Weisler was also bullish on HP's computer business, where he said the company is striving for beautiful design and durability.
Low Stress Tech
Investors looking for a low-stress way to invest in the red-hot semiconductor group should look no further than Texas Instruments (TXN) , Cramer told viewers. This company is the largest manufacturer of analog chips, including sensors and power amplifiers and has a lot to offer shareholders.
Cramer said the five-year chart of Texas Instruments is simply beautiful, thanks in part to the company's 2011 acquisition of National Semiconductor for $6.5 billion, which not only broadened the company's portfolio of products but also added to its consistent performance. Gross margins have also increased from 50% to near 60% over the past five years.

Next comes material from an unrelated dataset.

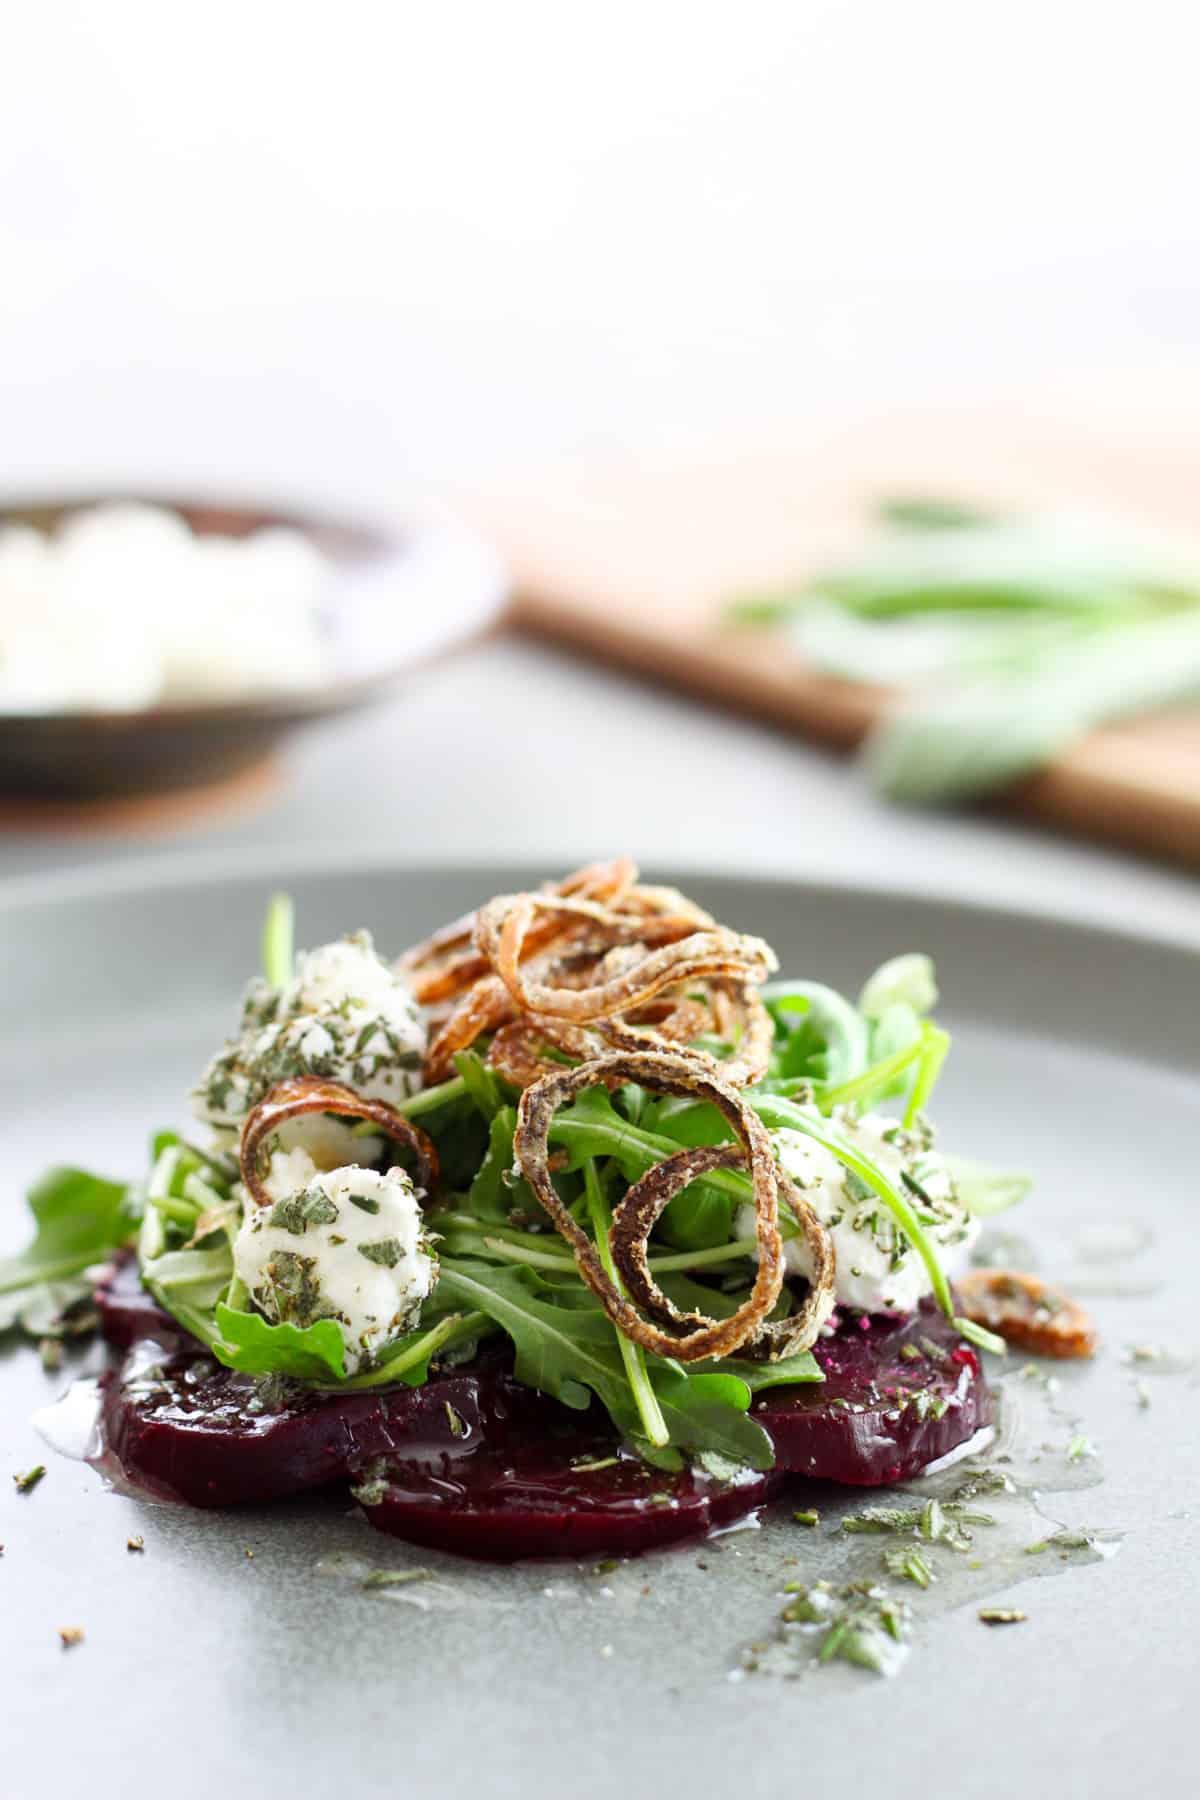 A close up of sliced purple beets topped with arugula, goat cheese rolled in fresh herbs, and topped with crispy fried shallots all on a gray plate. Out of focus in the background is more goat cheese on a small bowl and herbs on a cutting board.

Texas Instruments is also shareholder friendly, having invested $32 billion in research and development, but also $25 billion for share repurchases, $9 billion for dividends and another $7 billion for acquisition. Shares trade at 21.8 times earnings, a steal for a semiconductor stock.

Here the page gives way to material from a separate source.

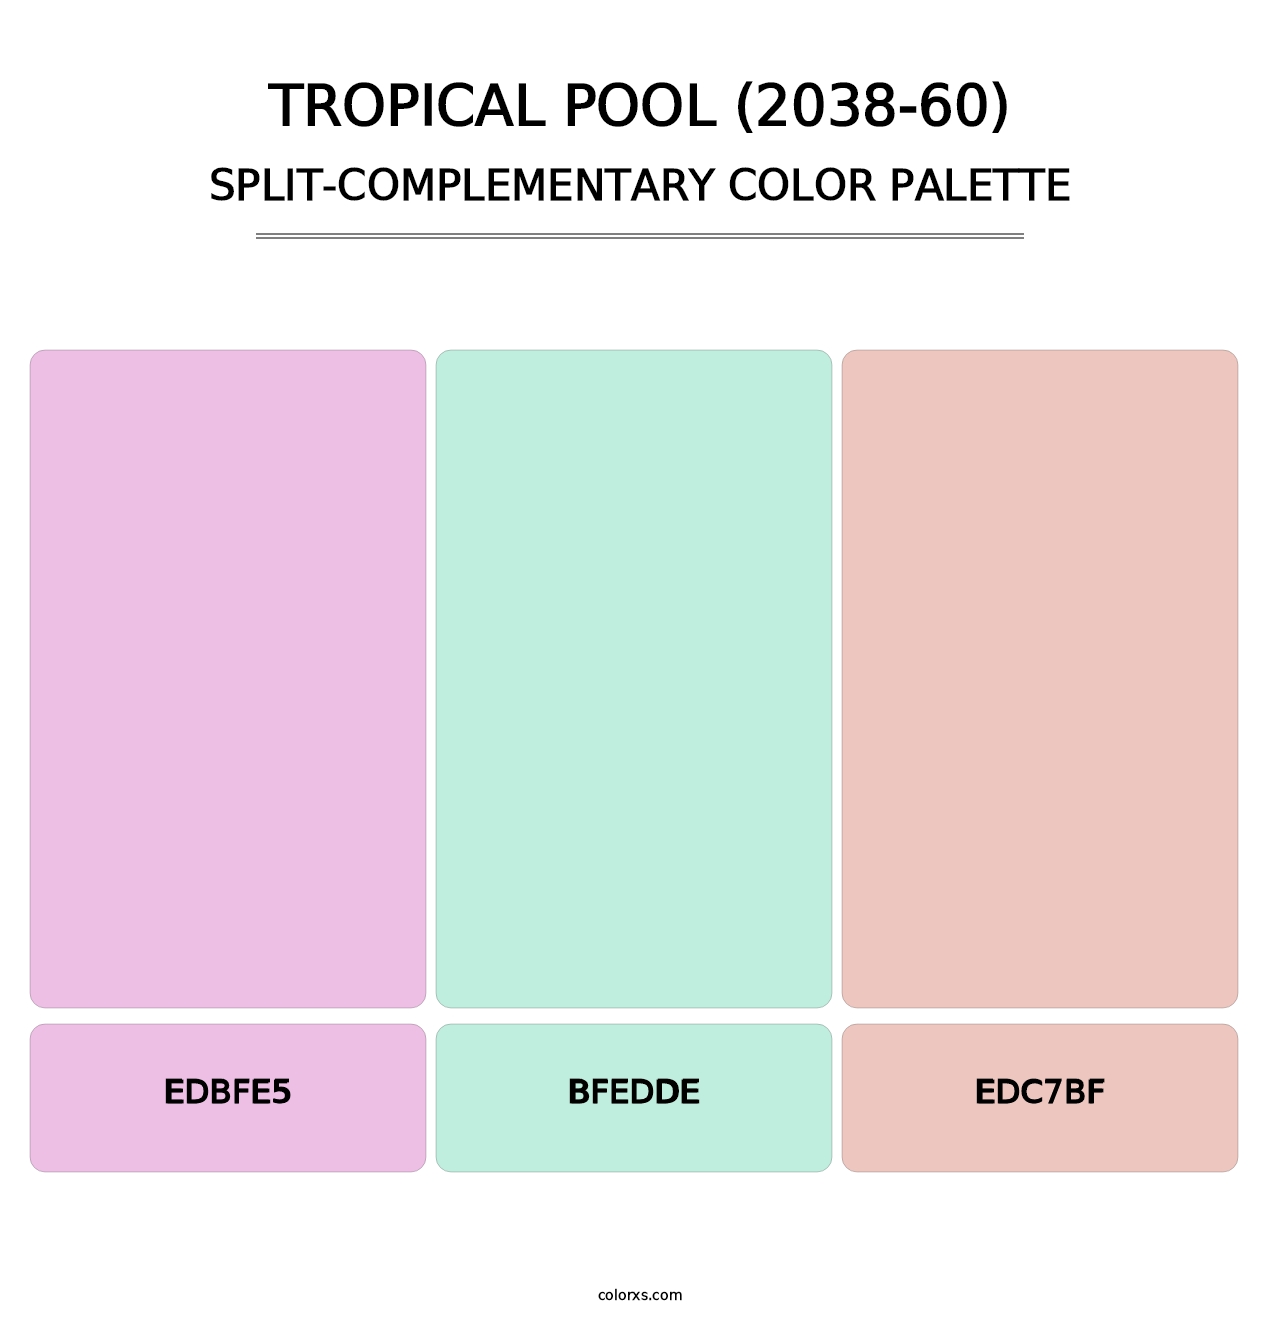 Tropical Pool (2038-60) - Split-Complementary Color Palette

No Huddle Offense: Flight to Safety
In his "No Huddle Offense" segment, Cramer said in the old days, when investors fled to safety they reached for stocks like Procter & Gamble or General Mills (GIS) but in today's market, investors turn to FANG, Cramer's acronym for Facebook (FB) , Amazon.com (AMZN) , Netflix (NFLX) and Alphabet (GOOGL) .
Why do investors feel safe with these high-tech darlings? Cramer said it's because they control the attention of consumers, and that's where advertisers flock to. All of the FANG stocks are tapping into secular global trends that are not going away anytime soon. And that makes them hot commodities in the stock market as well.
In his "Homework" segment, Cramer followed up on a few stocks that stumped him during earlier shows. He said that Extreme Networks (EXTR) has been on an acquisition spree and is up 140% for the year, but has a spotty track record, which makes him wary of investing.
Cramer was bullish on Athenex (ATNX) , but only for speculation as the company doesn't have any drugs on the market yet.
Finally, Cramer said that he's taking a pass, at least for now, on Eros International (EROS) , the distributor of Indian language films. He said that while the company has 58 million users in a fast-growing market, the company's recent financial problems are worrisome.